In an exemplary embodiment of the present application, the value of α may range from 0 to 1, and the parameter may be updated according to experiments using the following calculation formula:
where λ may be set to a frame rate, the greater λ the rate at which α tends to be 1 decreases, while the greater α indicates a higher confidence in using picture saturation information, and x is the sequence number of the frame.
S102, inputting the key frame into a preset color correction model, and performing color correction on the key frame through the color correction model.
In an exemplary embodiment of the present application, after judging the key frame, the key frame may be sent to a color correction model to perform color correction, and the obtained correction result is saved and may be recorded as F d The original frame picture can be recorded as F s 。
In an exemplary embodiment of the present application, the color correction model may be obtained by training a convolutional neural network model using food material sample pictures in the simulated oven cavity as training data and test data.
In the exemplary embodiment of the application, the neural network is used for color correction on the key frame, which is an embodiment scheme for performing 'fitting' on color differences generated by different food materials in the oven based on a statistical rule, finally generating a relatively more adaptive model to express the colors of the different food materials, and finally performing color correction on the key frame picture.
In an exemplary embodiment of the present application, the convolutional neural network model may be a full convolutional neural network FCN structure.
In an exemplary embodiment of the present application, as shown in fig. 3 and fig. 4, the training the convolutional neural network model with the food material sample pictures in the simulated oven cavity as training data and test data may include S201-S203:
s201, acquiring a food material picture set in the simulated oven cavity.
In an exemplary embodiment of the present application, the food material picture set may include one or more of the following picture data:
in a sample collection environment of the simulated oven cavity, collecting picture data of various food materials under a standard light source;
in a sample collection environment of the simulated oven cavity, collecting picture data of various food materials under the oven light; the method comprises the steps of,
in the sample collection environment of the simulation oven cavity, the collected picture data of various food materials are collected at different collection temperatures and in the uniform change process of the collection temperatures.

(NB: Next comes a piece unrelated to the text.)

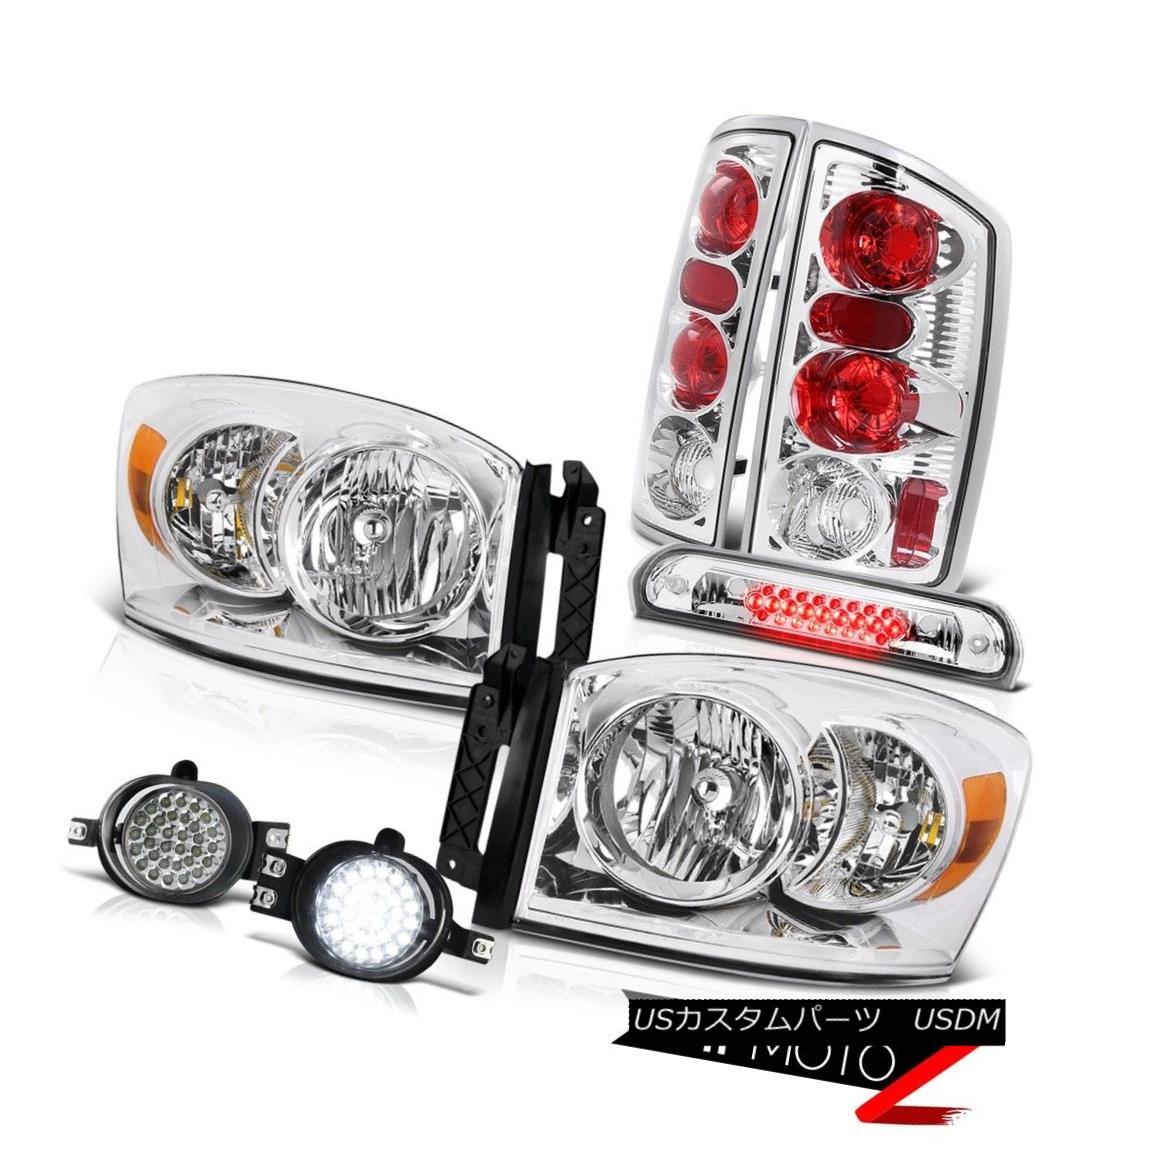 テールライト L+R Headlamps Rear Signal Tail Lights SMD LED Fog 3rd Brake Cargo 2006 Dodge Ram L + RヘッドランプリアシグナルテールライトSMD LEDフォグ第3ブレーキカーゴ2006 Dodge Ram

S202, extracting the food material sample picture from the food material picture set, and dividing the food material sample picture into two parts; one part is used as the training data and the other part is used as the test data.
And S203, training the convolutional neural network model through the training data and a preset deep learning algorithm, and verifying a training result by adopting the test data.

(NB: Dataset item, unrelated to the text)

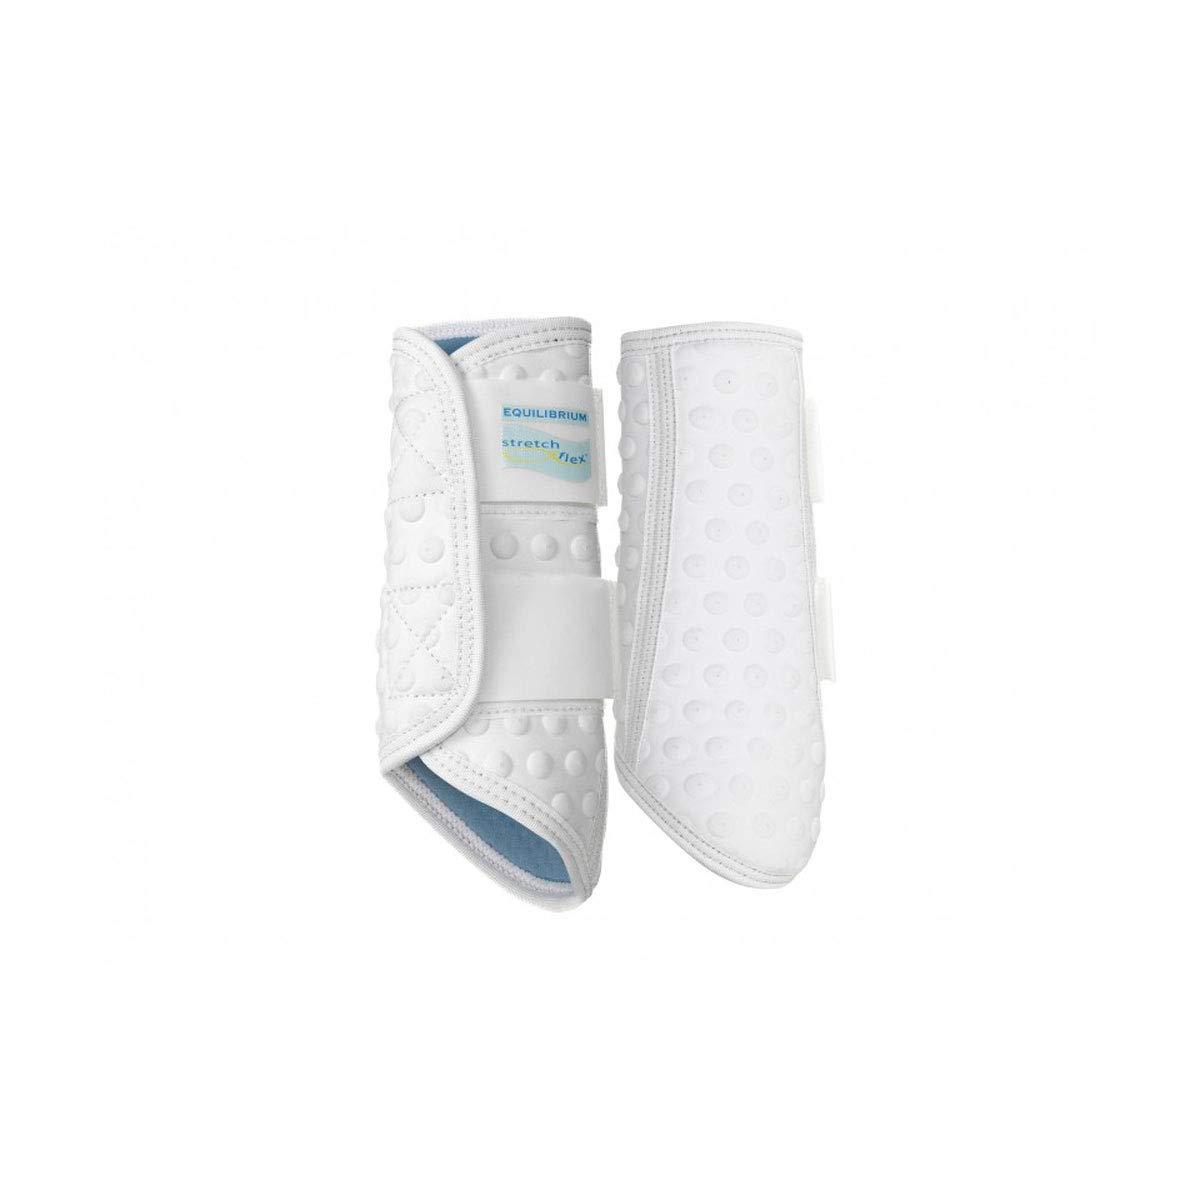 Equilibrium Stretch And Flex® Flatwork Exercise Wrap Medium White

In an exemplary embodiment of the present application, the FCN (full convolutional network) network may be trained using any existing deep learning tool.
In an exemplary embodiment of the present application, in order to increase the generalization ability of the model and improve the accuracy of color correction during actual operation, some special methods are used during the training of the convolutional neural network model.
In the exemplary embodiment of the present application, an FCN network structure is used, the FCN is a typical full convolution neural network structure, the core structure of which is a convolution operation layer, so as to extract characteristics of a target image under different fields of view, and the basic structure of the FCN is shown in fig. 5.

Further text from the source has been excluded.